Le "modèle de Chongqing" est profondément écorné, alors que sont rendus publics les liens de Bo Xilai avec un multimillionnaire du Liaoning (Xu Ming), qui aurait contribué à financer les études de son fils Bo Guagua - et sa Porsche. Des éditions ultérieures révèlent que Bo aurait placé des micros chez les dirigeants du Parti, Hu Jintao inclus.
De l'image de lutte anti-mafia et pro-classes populaires, de l'icône de la nouvelle gauche, il ne reste de Bo que le souvenir des méthodes autoritaires, quasi-faschistes, auquel il eut recours.
Equilibre de pouvoir
Bo Xilai était l'un des "fils de" (son père Bo Yibo fut un héros de la révolution), même s'il en était venu, à Chongqing, à incarner la nouvelle gauche néomaoïste. Il est donc resté proche de Xi Jinping, et en opposition forte à Wen Jiabao. Il jouait souvent le rôle du "canon" pour la faction des "fils de", malgré des désaccords idéologiques.
La chute de Bo renforce donc le camp des réformistes, favorables à une (toute relative) libéralisation politique.
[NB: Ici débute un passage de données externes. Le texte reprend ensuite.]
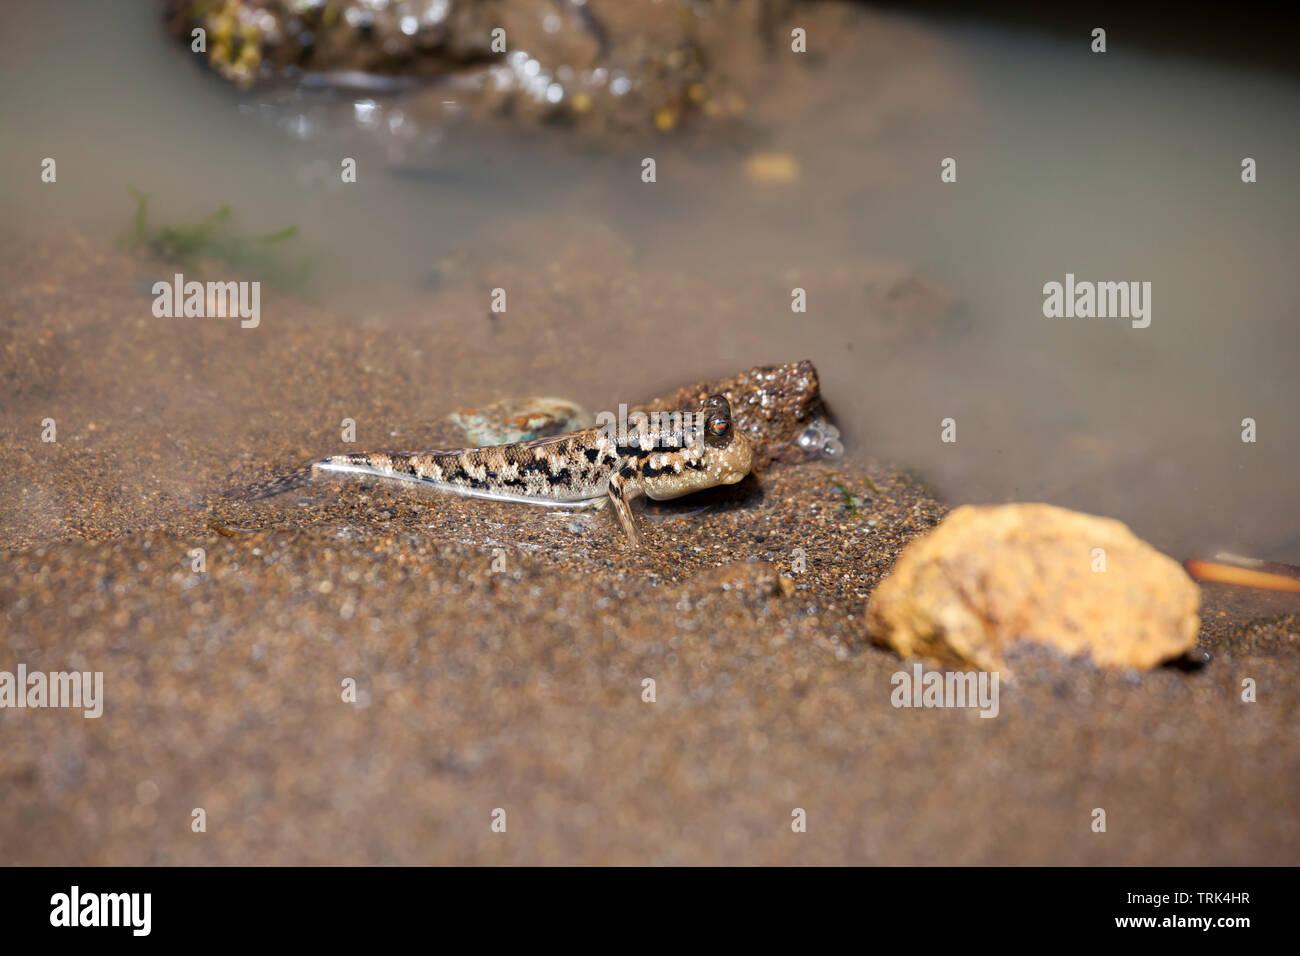 Die gesperrten Schlammspringer, Periophthalmus argentilineatus, ist in Meer- und Brackwasser von der Afrikanischen Küste des Indischen Ozeans an die Stockbild

Pourtant, il est difficile de mesurer l'ampleur des conséquences de la chute de Bo en termes d'équilibre Ligue-"fils de". Si les pro-libéralisation économique perdent une forte personnalité, ils sont aussi débarrassés d'un hommes encombrant, dont l'ambition, l'individualisme et l'idéologie menaçaient l'unité de façade du pouvoir central et le système de compromis entre les deux factions qui a prévalu ces dix dernières années.
Le nom de Wang Yang est avancé, pour remplacer Bo comme potentiel membre du Comité permanent: chef du Parti dans le Guangdong (autour de Hong Kong), il a ses créances de développement économique réussi, et, dans une situation de crise, a promu une libéralisation politique au niveau local. Wang Yang est aussi le prédécesseur de Bo Xilai à Chongqing, et certaines attaques de Bo contre la mafia locale sont vues comme dirigées contre les soutiens de Wang Yang. La polémique entre les deux hommes, d'ailleurs, était particulièrement virulente.
De manière générale, on a l'impression que la Chine respire un bol d'air frais. Après cet interlude, on retourne à un bon vieux gouvernement technocratique et à une culture du compromis entre développement économique et équité sociale.